Regional Sur
Bucaramanga, Colombia
Miercoles, 26 de Marzo de 2008
En el sector turístico
La temporada reveló muchas fortalezas, pero también serias debilidades
SANDRA AGUILERA B.
San Gil

Si bien por lo menos unos 10.000 turistas confluyeron durante la pasada Semana Santa en San Gil, la temporada alta puso de manifiesto no sólo las fortalezas de la oferta turística, sino muchas debilidades aún por superar.

La falta de infraestructura hotelera suficiente, así como de parqueaderos, se suma a la urgente optimización del servicio por parte de algunos operadores.

Según el secretario de Educación, Cultura y Turismo, Fernando Gómez Márquez, más que pensar en construir nuevos establecimientos de alojamiento, la solución para atender la gran afluencia de turistas sería ampliar los existentes y optimizar el servicio.

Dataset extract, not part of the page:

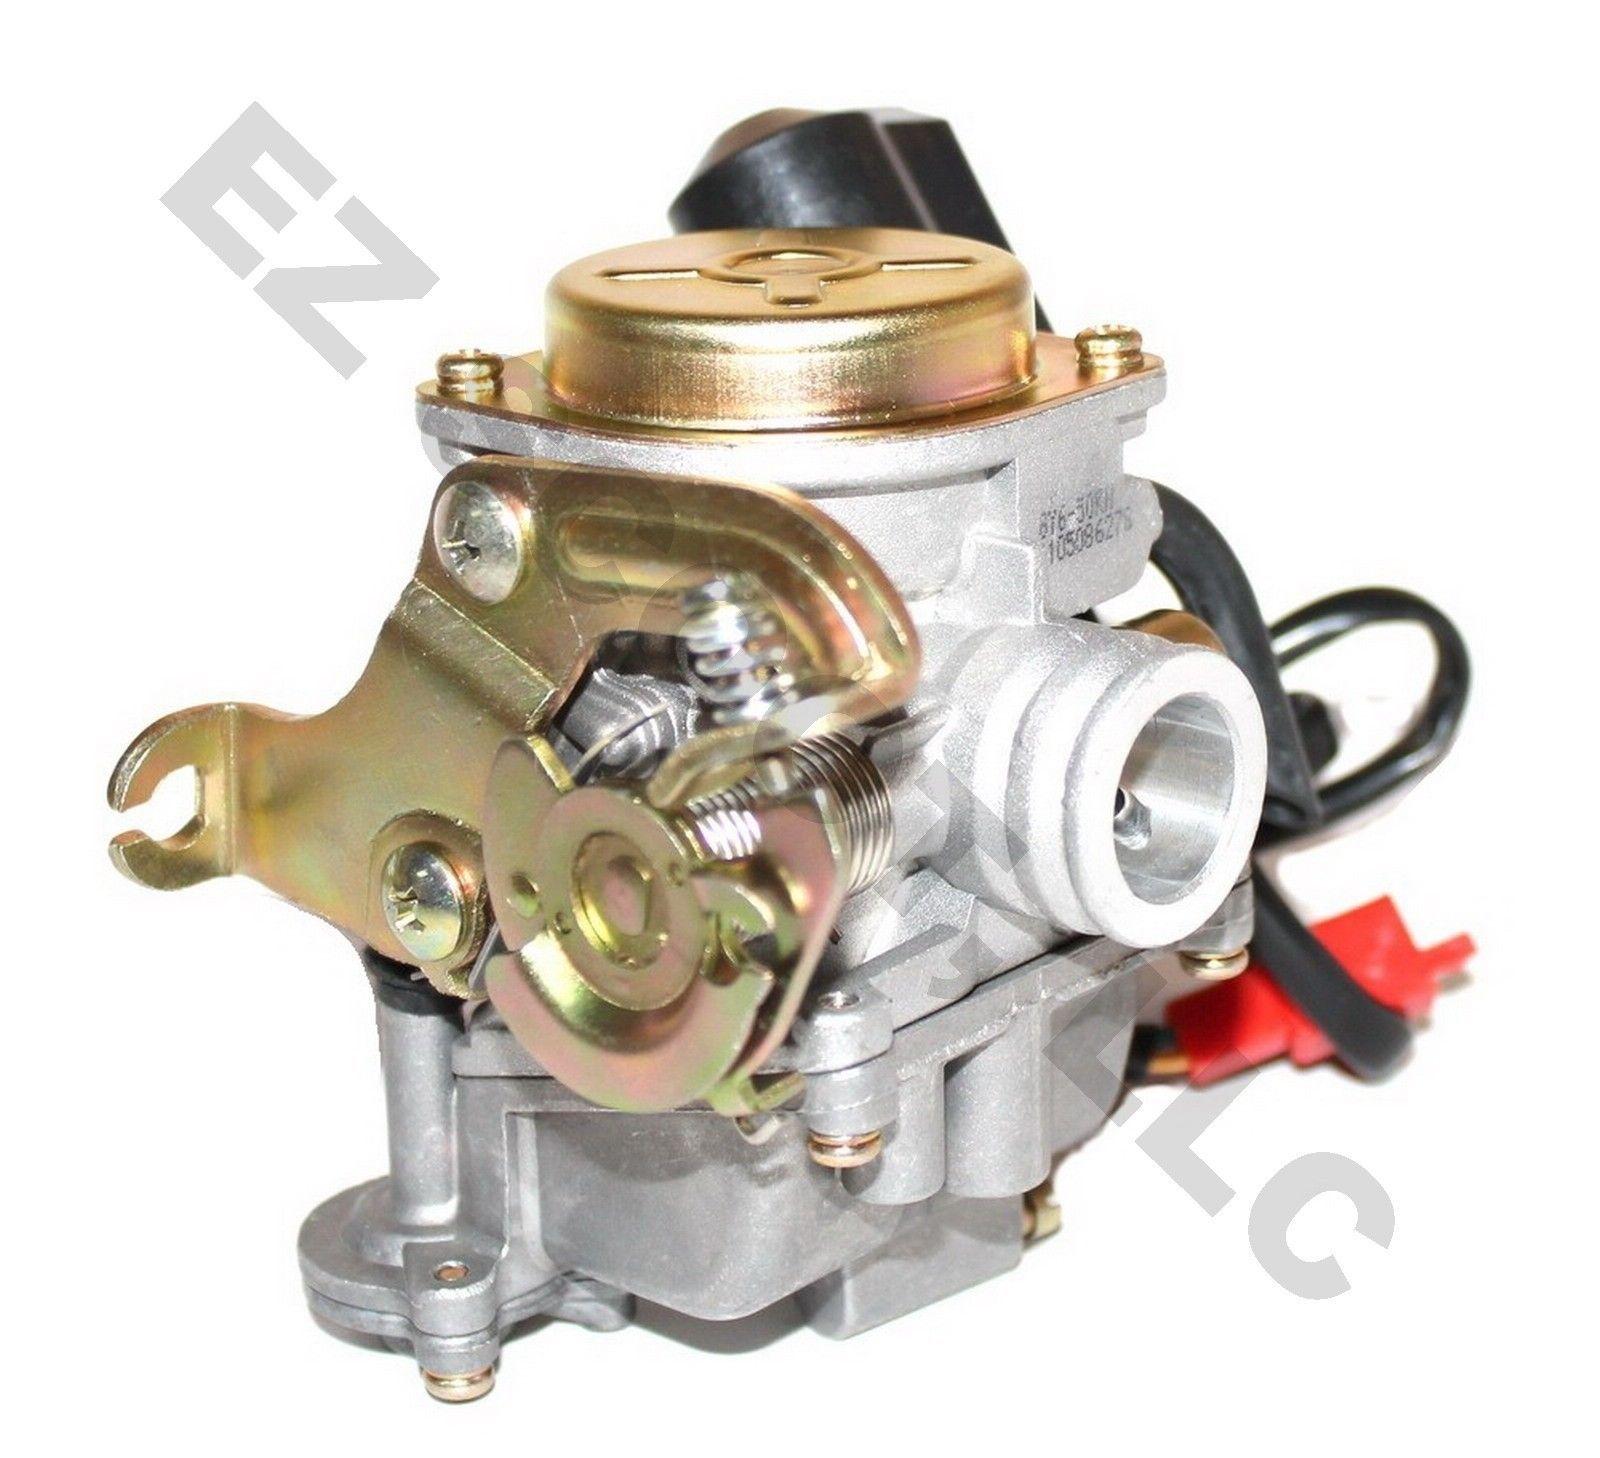 carburetor sport for 139 qmb 50 80cc 19mm gy6 chinese 4stroke scooter atv taotao ebay [ 1600 x 1458 Pixel ]

Asimismo, el funcionario considera que ante la falta de parqueaderos, no sólo en el Malecón sino en todo el casco urbano, habría que pensar en un eventual “pico y placa” que permita mejorar la movilidad.

De todas formas, Gómez Márquez aclaró que en el caso específico del malecón Cacique Guanentá, dicho problema fue solucionado gracias a la restricción ordenada por la Administración Municipal para el accionar de vehículos y balsas en ese lugar.

De todas manera, indicó, “fue evidente que aún persiste la venta de servicios de deportes extremos de manera flotante en el Malecón, quebrando no sólo los precios, sino dándole una mala impresión al turistas”.

Por lo anterior, el funcionario advirtió que en los próximos días se reunirá con lo operadores para llegar a un consenso en torno a la denominada taquilla única.

Las fortalezas

La llegada de por lo menos unas 10.000 personas a San Gil durante la pasada Semana Santa no deja duda de que el Municipio continúa siendo uno de los destinos más visitados del país.

De hecho, la oficina de Cultura y Turismo reportó el ingreso de 8.700 personas al Parque Natural El Gallineral y otras 3.000 al punto de información turística adecuado en la Casona del antiguo colegio San José de Guanentá.

A lo anterior se suma que la capacidad hotelera estuvo al 100%, tanto que muchos visitantes terminaron alojados en moteles y en casas de familia, que alquilaron sus habitaciones.

El auge de turistas igualmente le reportó mayores ingresos no sólo al comercio informal, sino a establecimientos, como restaurantes, cafeterías, panaderías, entidades financieras, entre otros.